Por influxo dessa primeira conclamação, os Estados pactuantes, objetivando regulamentar e melhor normatizar toda essa messe de direitos, elaboraram inúmeros outros tratados internacionais que procuram atribuir condição mínima e suportável de vida à pessoa humana, como, por exemplo, o incorporado pela CONVENÇÃO AMERICANA DE DIREITOS HUMANOS (PACTO DE SAN JOSÉ DA COSTA RICA), de 1969, ratificada pelo Brasil em 25 de setembro de 1992, e introduzida no âmbito do direito interno por força do Decreto nº 678/92.

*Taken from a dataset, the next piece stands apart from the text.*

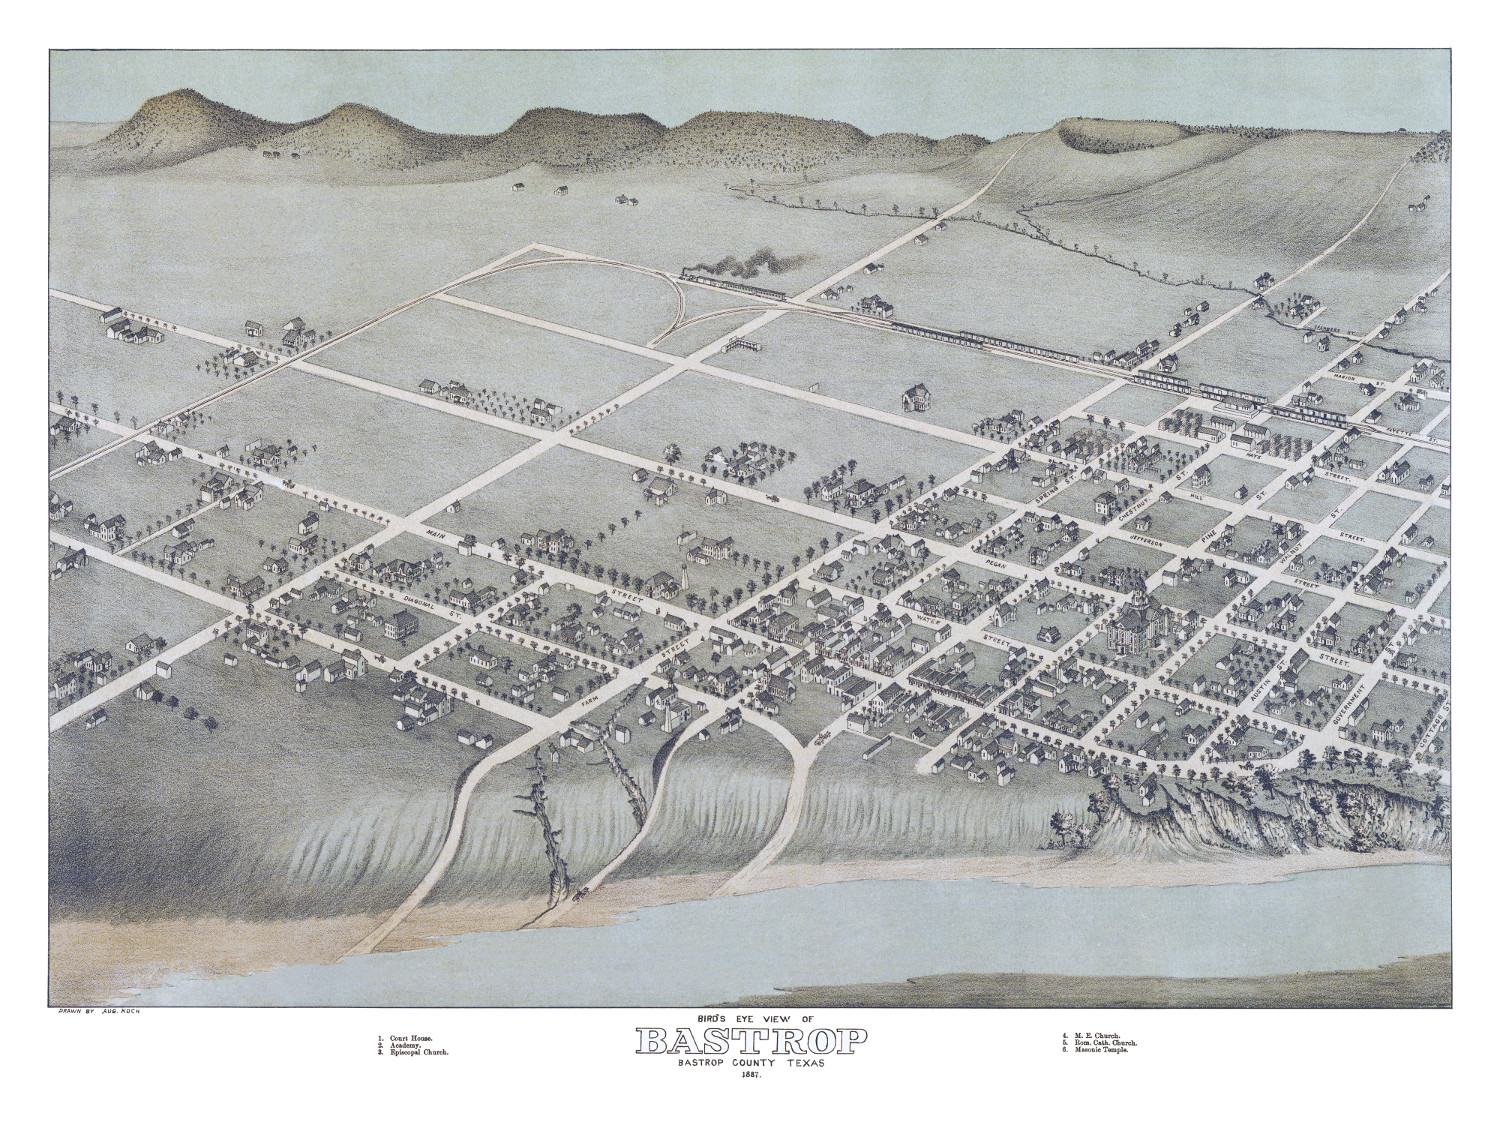 Beautifully detailed map of Bastrop, TX in 1887.

Esse instrumento legal, para o que aqui interessa, preceitua em seu Artigo 7º que " ninguém deve ser detido por dívidas. Este princípio não limita os mandados de autoridade judiciária competente expedidos em virtude de inadimplemento de obrigação alimentar".

Tal comando, aliás, já havia sido incorporado em tratado precedente, urdido em 1966 e denominado PACTO INTERNACIONAL DE DIREITOS CIVIS E POLÍTICOS, que de maneira bem mais ampla, difundiu em seu art. 11 a seguinte garantia: " Ninguém poderá ser preso apenas por não poder cumprir com uma obrigação contratual".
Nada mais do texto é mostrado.